## GOAL OF THE EXERCISE
Please repeat, from the entries that follow, the lines from the one containing "Vögel suchen auf" through the one containing "various pharmacy medicine bottles" exactly, adding nothing.
PROVIDED INFORMATION section start
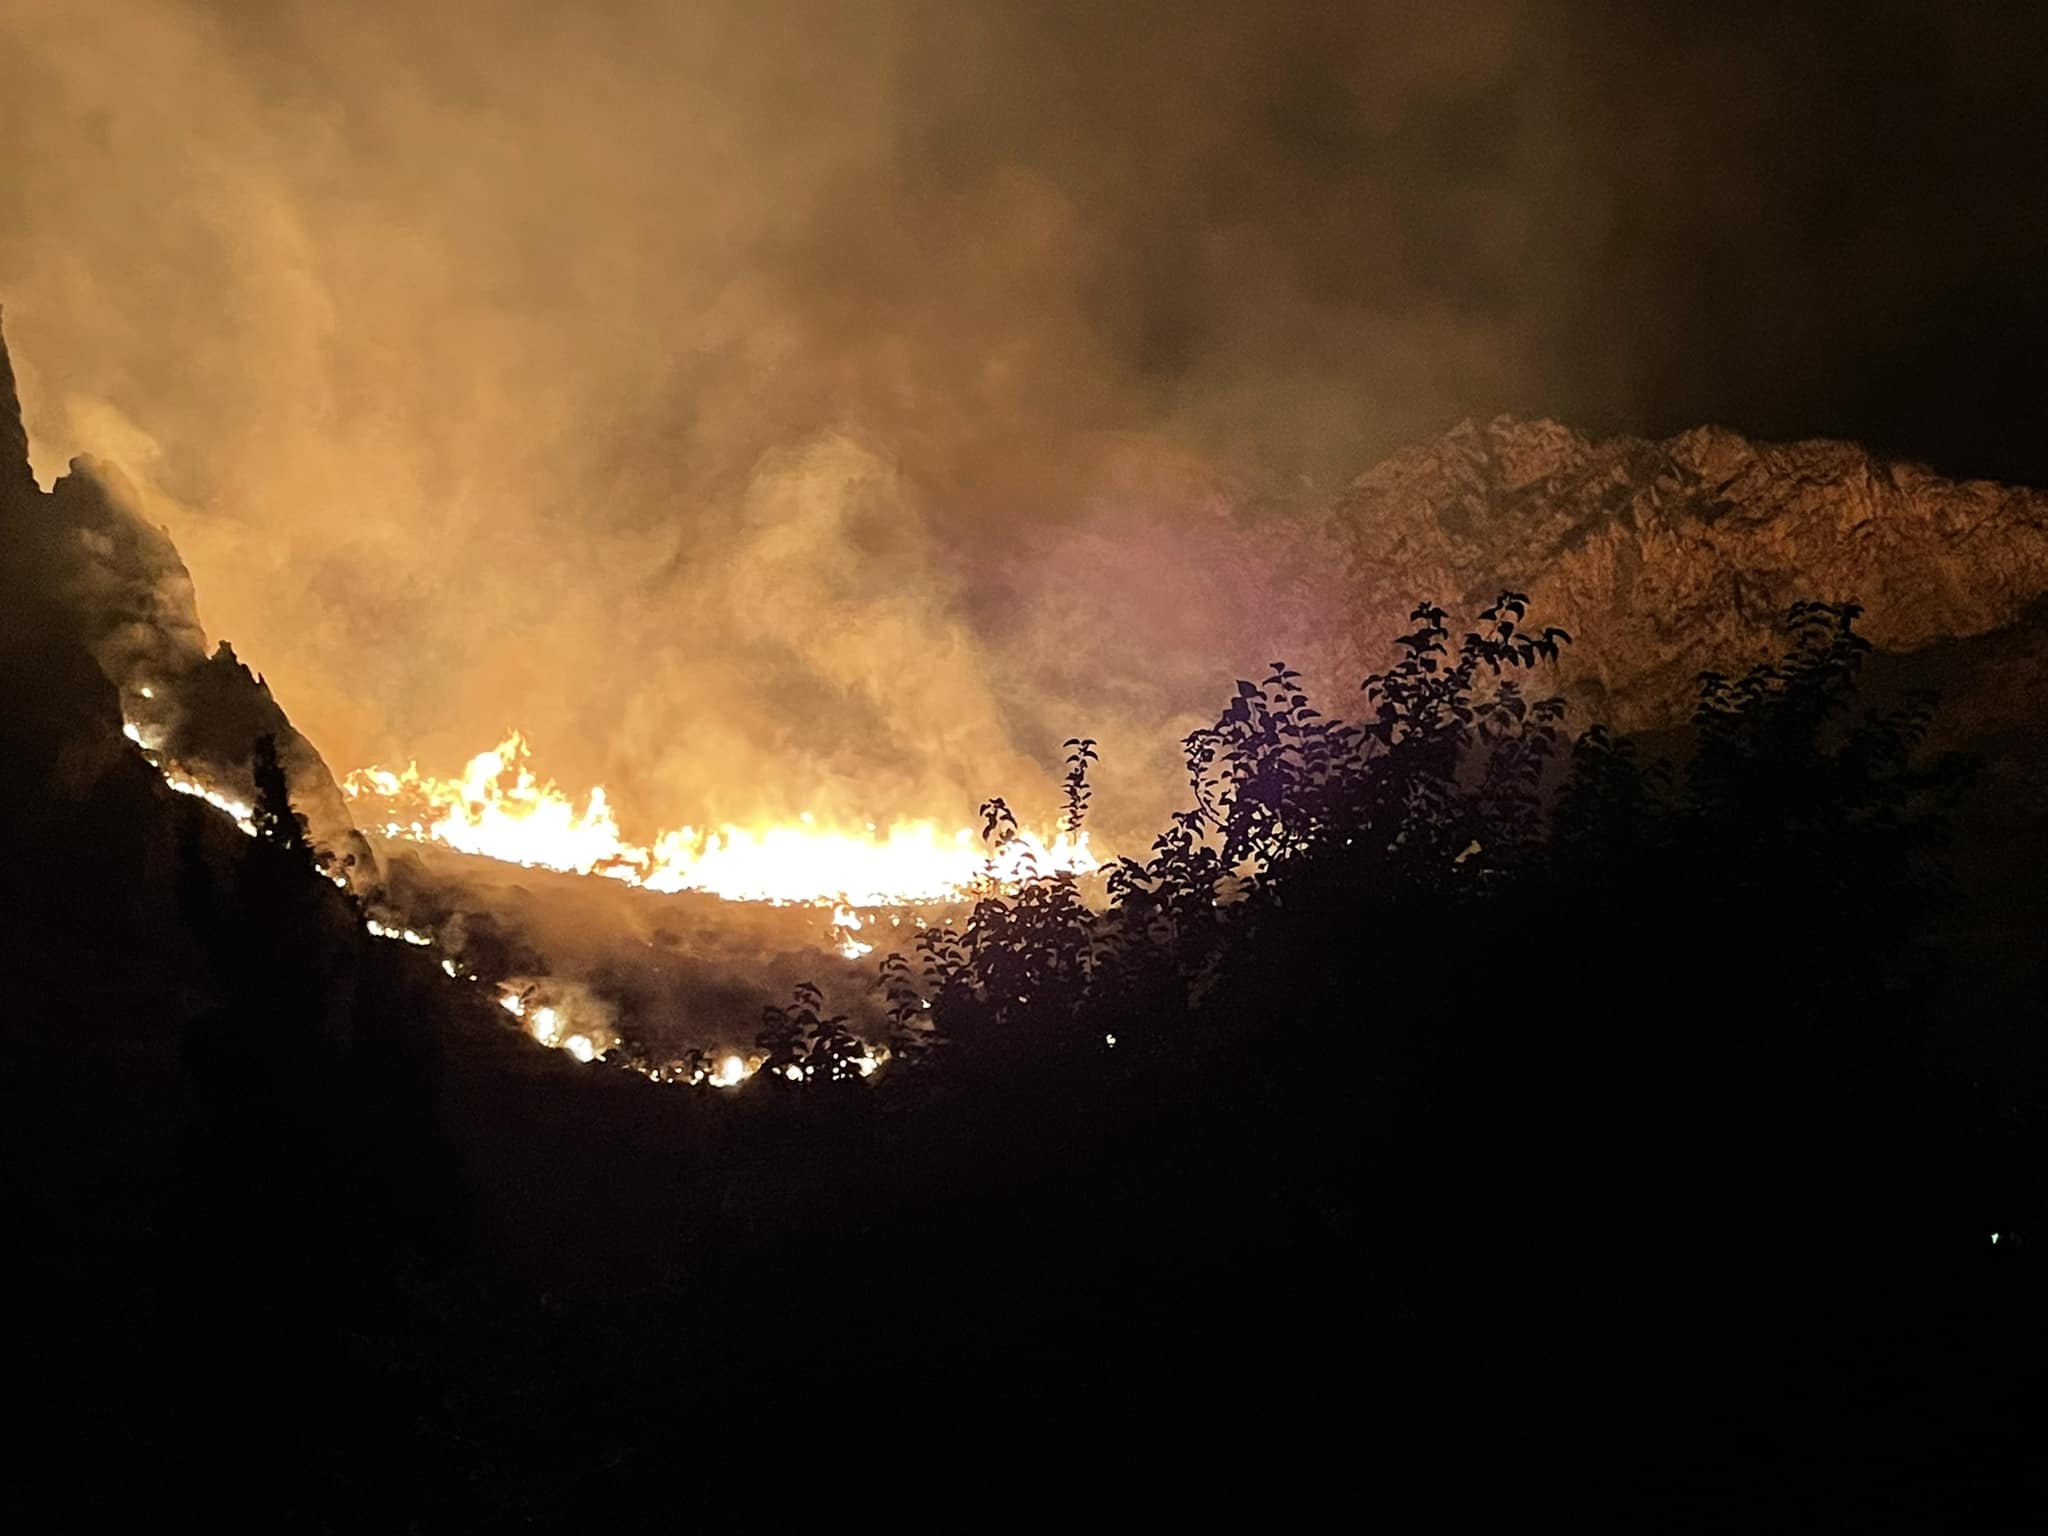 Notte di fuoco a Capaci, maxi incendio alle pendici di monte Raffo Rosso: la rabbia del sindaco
PROVIDED INFORMATION section end
PROVIDED INFORMATION section start
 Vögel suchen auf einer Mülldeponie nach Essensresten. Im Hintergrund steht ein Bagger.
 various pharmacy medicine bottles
PROVIDED INFORMATION section end
## REPLY TO THE EXERCISE
 Vögel suchen auf einer Mülldeponie nach Essensresten. Im Hintergrund steht ein Bagger.
 various pharmacy medicine bottles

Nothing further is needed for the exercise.